In St. Louis, it's a $900,000 problem. North County Recreation Complex is shutting down, for good this time. The 500,000 gallon pool has been part of the recreational offerings for over 35 years, but faced with $1M in repairs, county officials made the call to close.
Many cities are opting to close down larger, expensive to operate pools, and to appease residents, producing plans for smaller pools, with water park features, or spray parks, which are safer and easier to maintain.
Is your pool threatening to shut down? You may not even know it, but plans may be afoot to shutter the doors to your favorite watering hole. What can you do about it? You can't fight city hall - or can you? Here's some ideas that may help you Save our Swimming!
- Start a local petition. Elected officials usually listen to their constituents. Grass roots organizers can be very effective in telling your officials what is important to those who elected them.

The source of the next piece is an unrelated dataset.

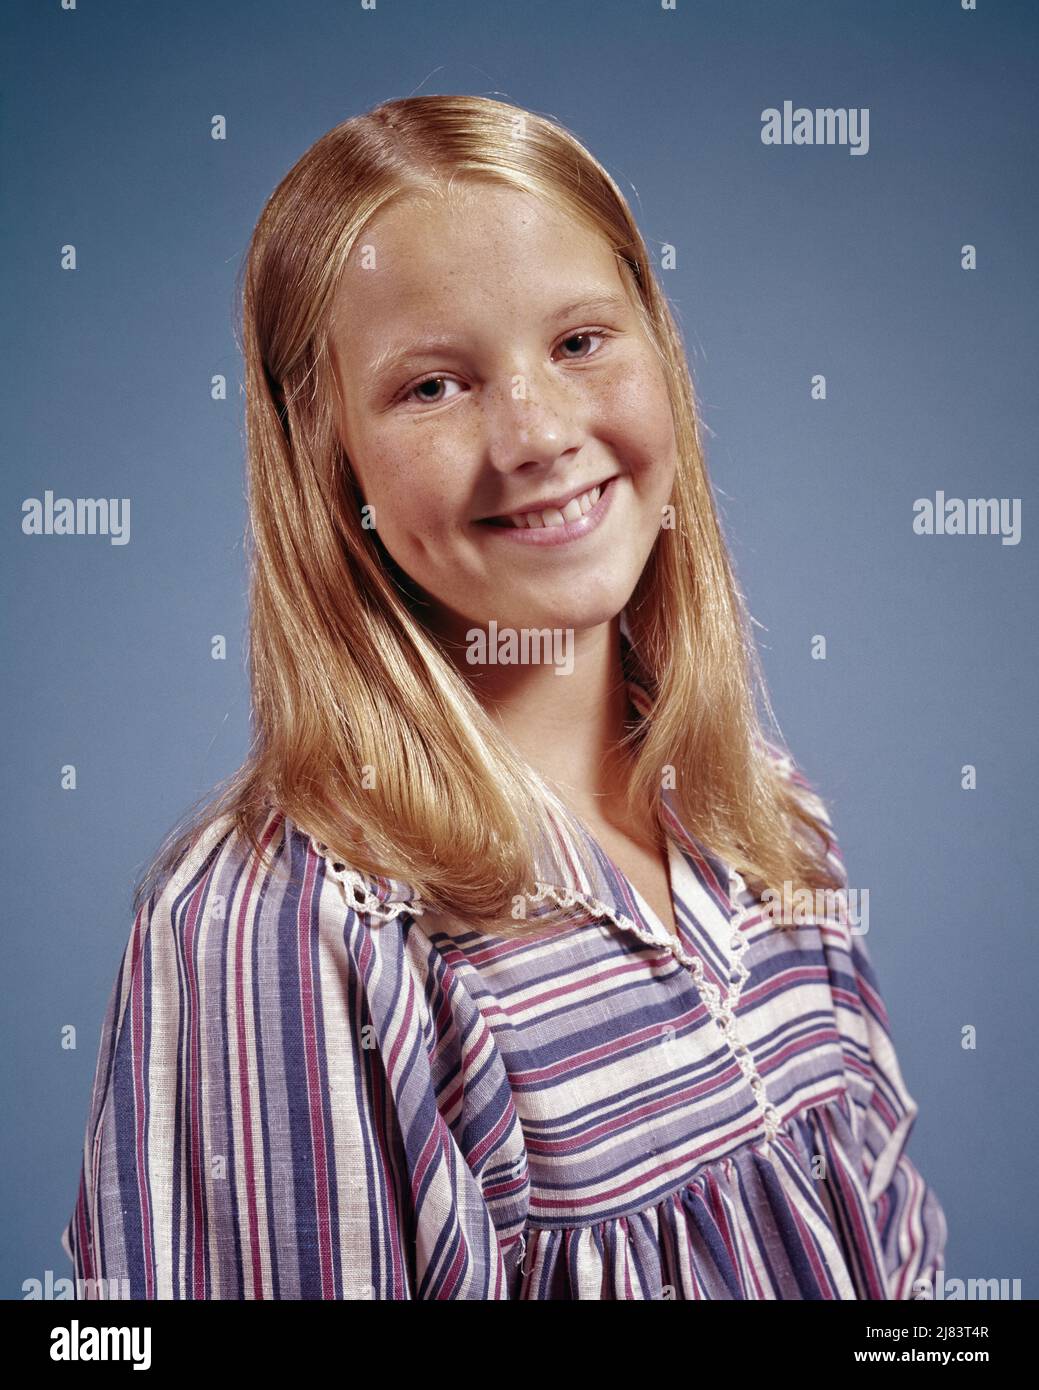 1970s PORTRAIT BLONDE SMILING TEENAGE GIRL WEARING BLUE WHITE STRIPED TOP LOOKING AT CAMERA - kj6503 HAR001 HARS WINNING STUDIO SHOT HEALTHINESS HOME LIFE COPY SPACE PERSONS TEENAGE GIRL FRECKLES CONFIDENCE EYE CONTACT HAPPINESS HEAD AND SHOULDERS CHEERFUL DIMPLES SMILES JOYFUL STYLISH TEENAGED PLEASANT AGREEABLE CHARMING GROWTH JUVENILES LOVABLE PLEASING ADORABLE APPEALING CAUCASIAN ETHNICITY HAR001 OLD FASHIONED Stock Photo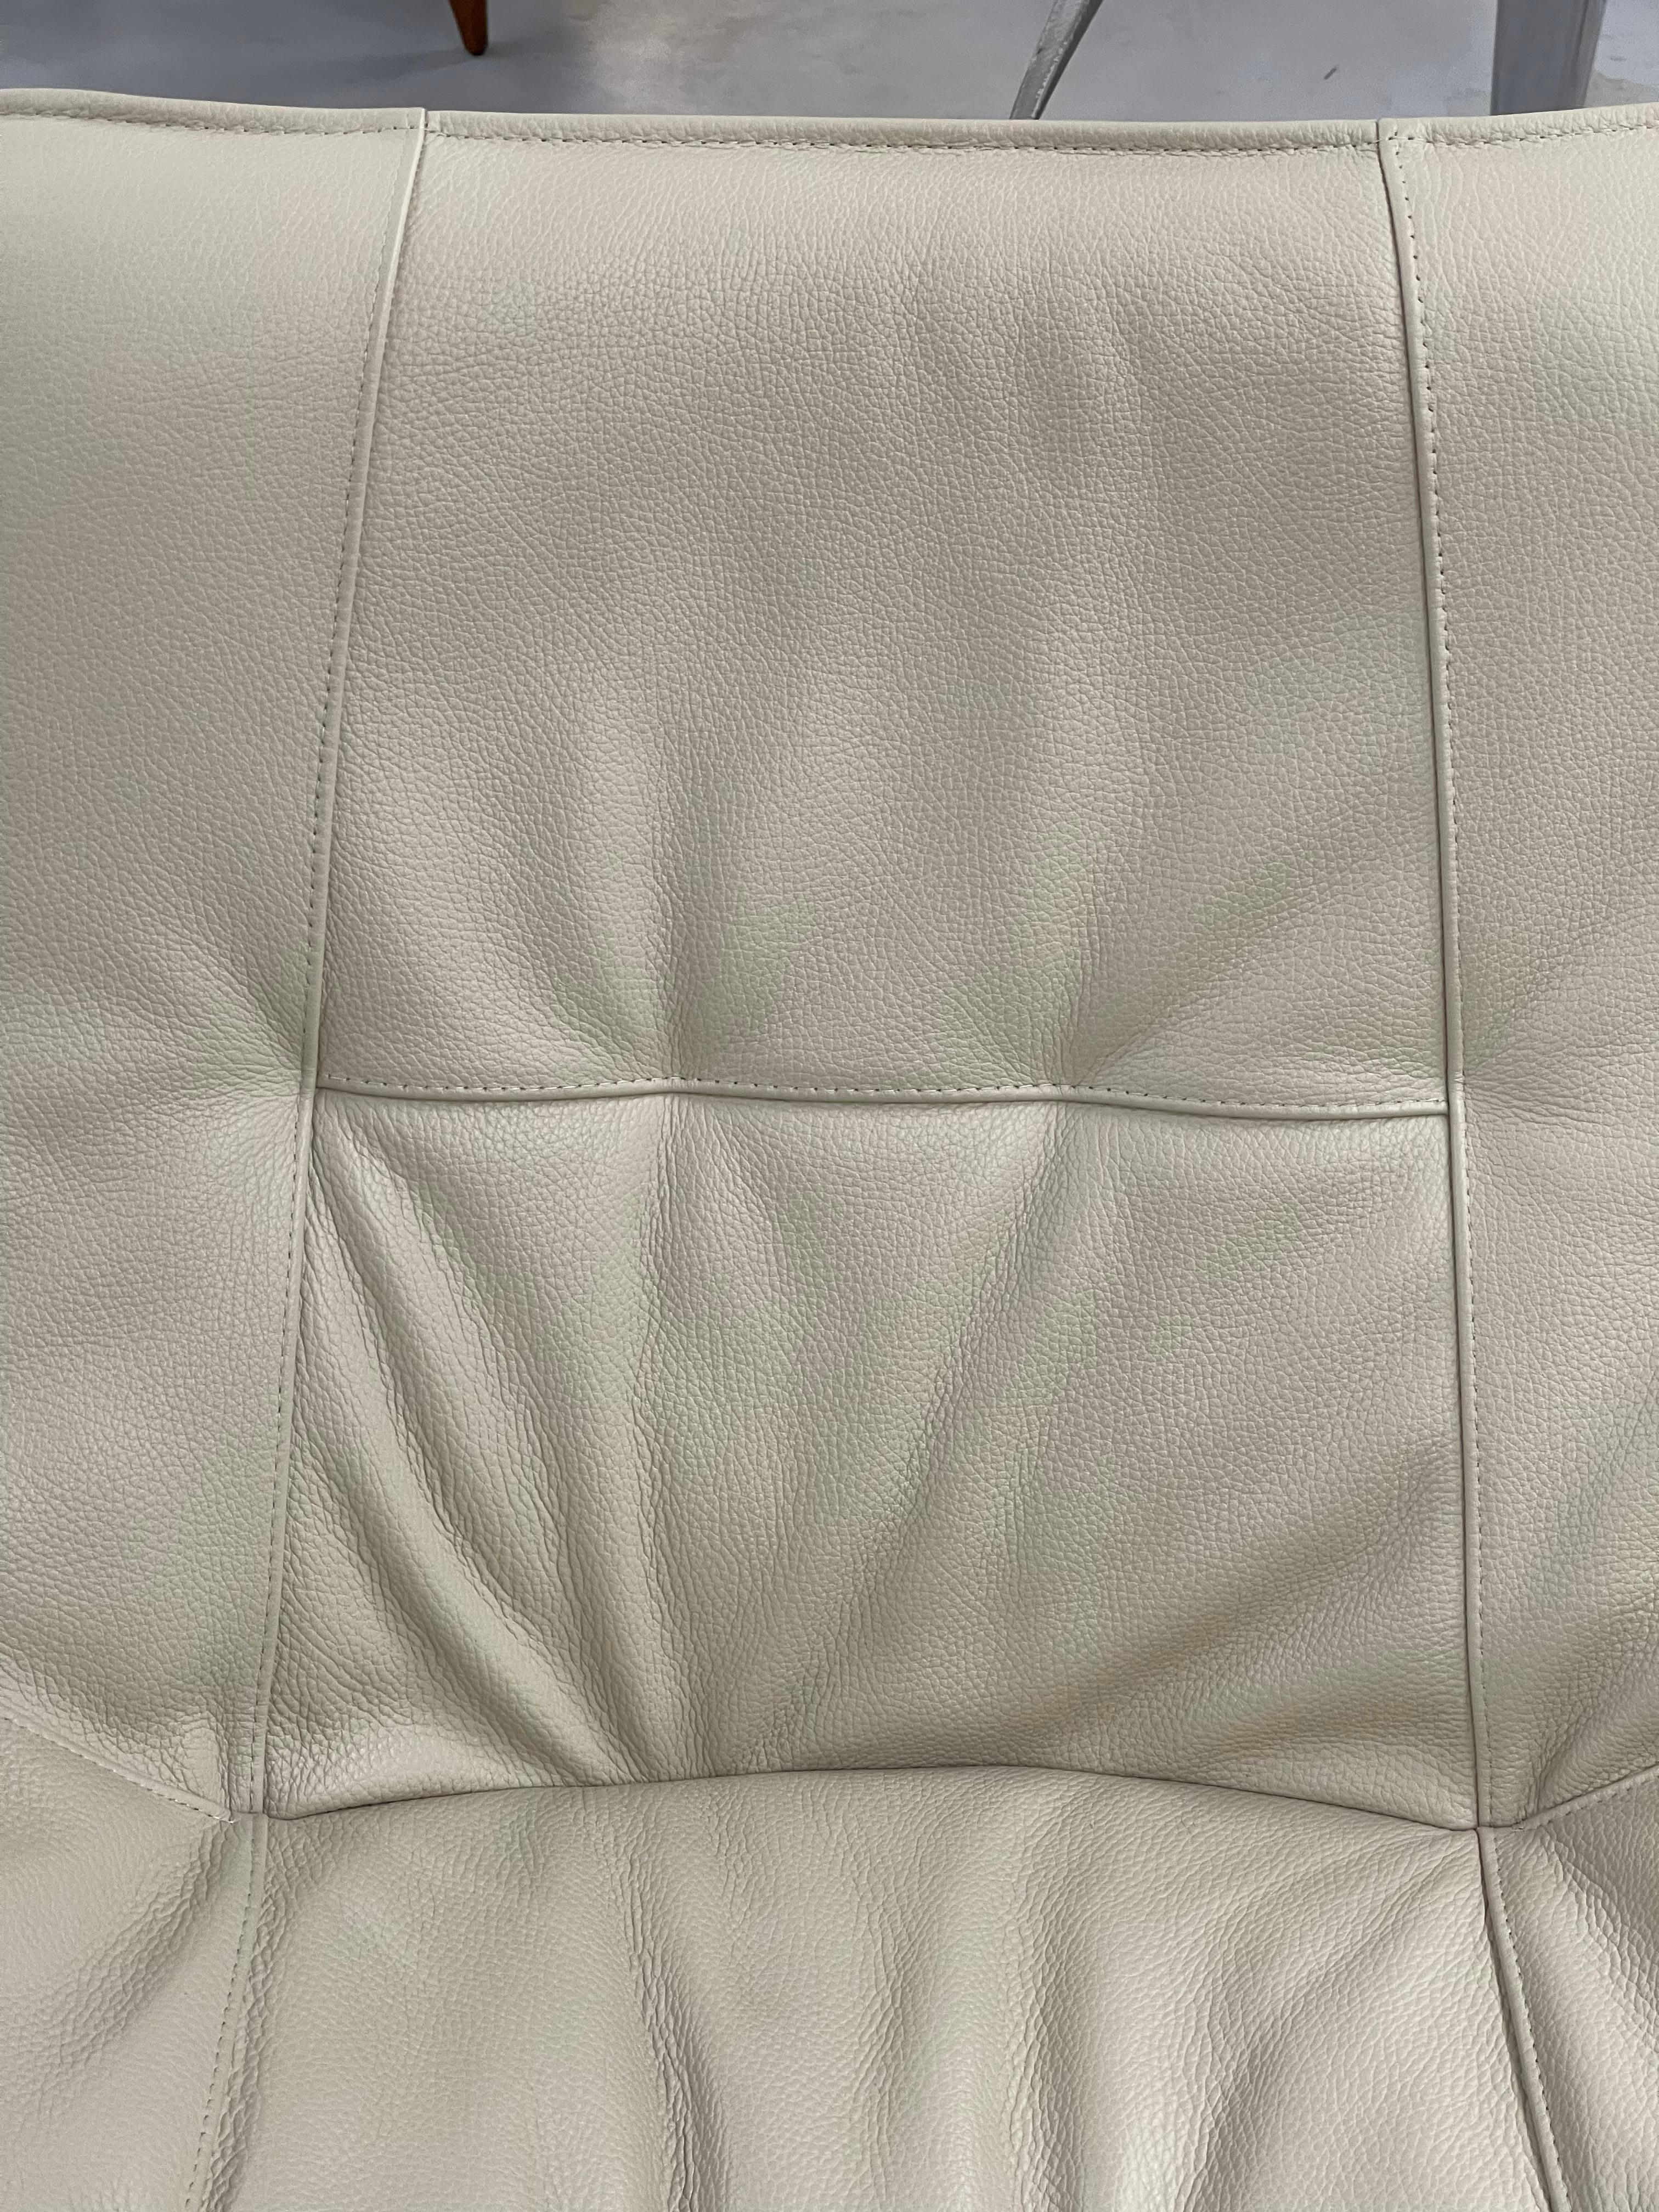 Leather Roche Bobois Flight Chair and Ottoman

- Start a fund-raiser. Pools are expensive to operate and maintain. Very expensive. You may be surprised to learn that your city public pools have budgets in the millions of dollars. Don't let that scare you however. Look for deep pockets in your community. Corporate sponsorships, private donations, and rallies to raise the money. Add funds to the coffers to offset expenses, with small efforts and large.
- Increase Revenue. The fees charged (if any) have been very affordable over the years. Usually just a few dollars. Consider raising the fee to use the pool to something that can make a difference. Also consider accepting debit or credit cards.
- Publicize the management. Instead of hiring private contractors, could the city take over management of the pool, or work to create a cooperative management - shared by residents or users of the pool? This will drastically reduce the cost of opening and maintaining the pool.
- Reduce expenses. Reducing pool hours is a no-brainer, and probably the first to consider. But how about using LED or CFL light bulbs around the area, instead of Sodium Halide. Chemical expense can be a huge part of the budget. On smaller pools, ozone or mineral purifers can greatly reduce chlorine expense. Using proper levels of Cyanuric acid will also extend chlorine use. Staffing is probably the largest expense of any pool - if volunteers can be organized, you wouldn't need so much cash - for paid staffers.
City leaders really don't want to take away your pool, but they will, unless you FIGHT!